Words That Matter, Part 2

By Greg Baer M.D.

November 16, 2015


We are often careless with our words, and some of them are so laden with negative meanings that we cause great harm without realizing it. Recently I began a discussion of such words

Words That Really Matter

and now we'll continue with another one:

Can’t

We love to use this word:
“I can’t make it.”
“I can’t do it.”
“I couldn’t do it.”

There isn’t a day where I don’t hear this word many times. Why are we fond of it? Because the moment we say “I can’t,” we are free of all responsibility to do that thing. “Can’t” is an escape hatch, a get-out-of-jail-free card.

Without an underpinning of Real Love in our lives, we’re almost forced to say “can’t,” because we couldn’t live with speaking the truth:

  • “I could have been on time, but I’m such an incompetent parent and disorganized person that I never allow enough time to prepare to leave, not to mention travel time that would allow for traffic and other delays.”
  • “I could do what you’ve asked, but I might break a sweat, I might miss my favorite television show, or I might have to take responsibility for a decision or two and actually risk making a mistake. Inconceivable that I would agree to such a thing.”
  •  “I can do that. I know how, but I’d have to exercise my brain, for goodness’ sake. And if I succeed, everybody will know I can do it, and then other people might ask me to do it again.”
  • “I feel so worthless that I avoid all requests and risks. I couldn’t bear failing and feeling even worse about myself.”
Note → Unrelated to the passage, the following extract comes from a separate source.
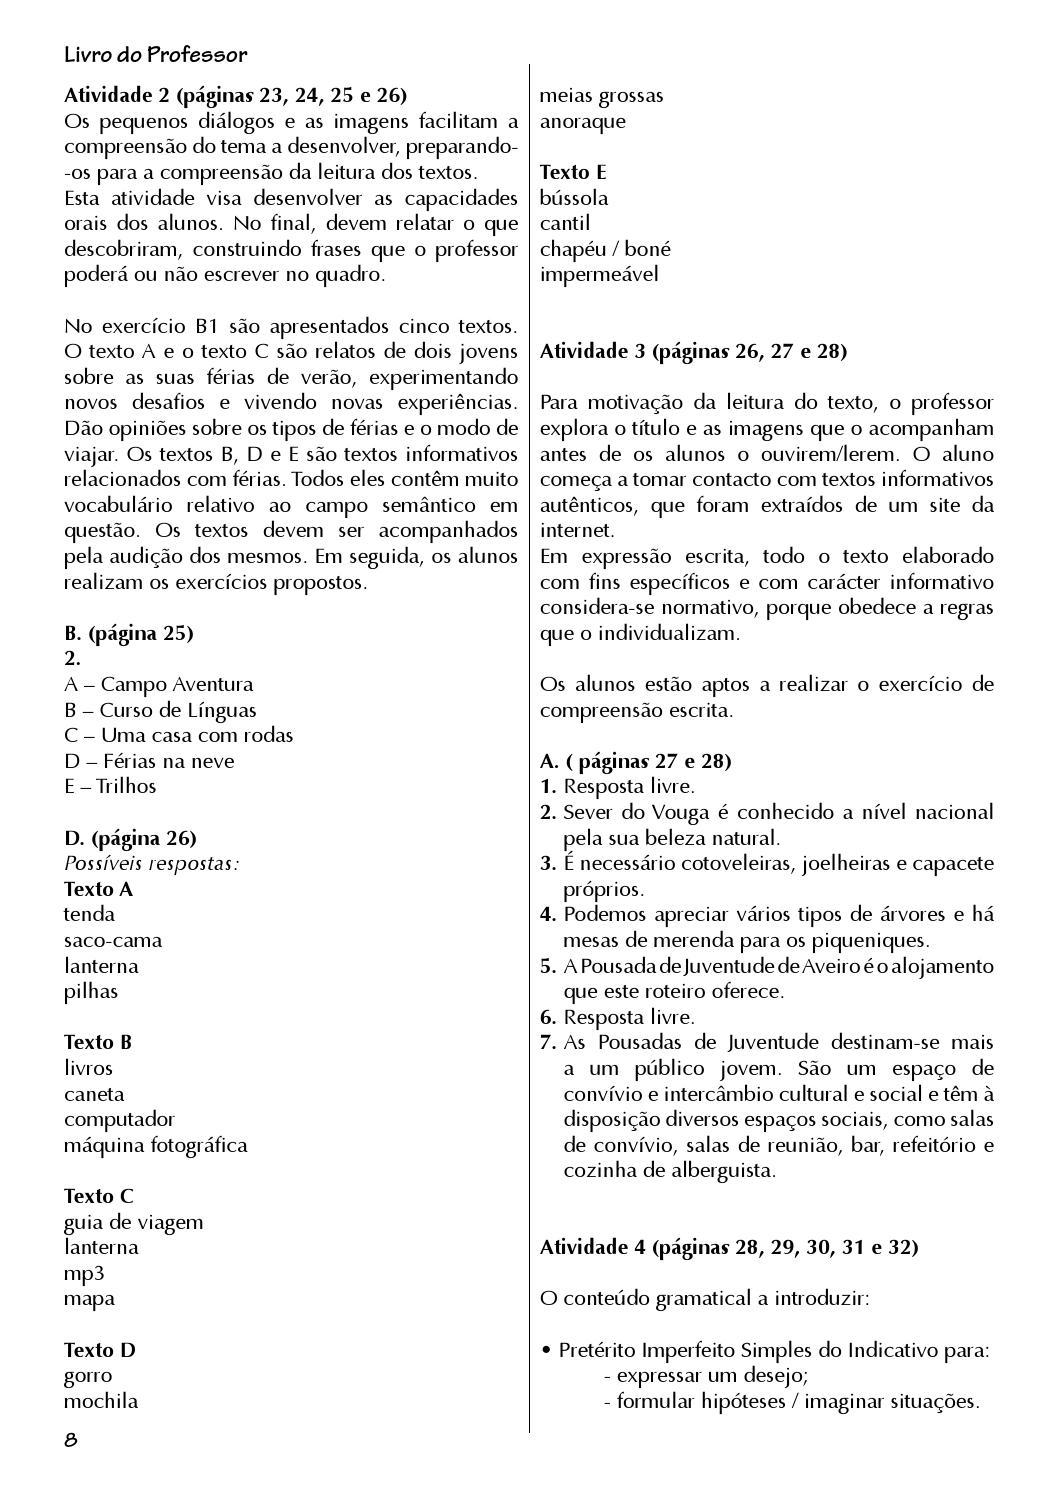 6bcd307f61 Na Onda do Português 2 (livro do professor) by Grupo Lidel - issuu

We have so little familiarity with the truth and exposing ourselves to possible disapproval that most of us simply don’t know what to say when asked to do something we don’t want to do. It might help to know of some possible answers, although I emphasize that these are possible only if we already have enough Real Love in our lives:

  • “What you’ve asked is right at the edge of what I can do. Sorry, but I’m too afraid of making a mistake to want to be willing to try that.”
  • “No way I feel comfortable doing that by myself. Maybe if I had somebody who was helping me every step of the way, I could give it a shot.”
  • “I’ve just got too many other things going on, and this would take me to the limit. So I could say yes, but I’d regret it later. Maybe another time.”
  • “I may not be able to do what you’ve asked, but I CAN do something else that might work as well, possibly better. And I’d feel more competent and confident. Can you live with that?”
  • “No, I just don’t want to.”

In future blogs we’ll discuss more words that have a much greater negative effect than we realize or intend.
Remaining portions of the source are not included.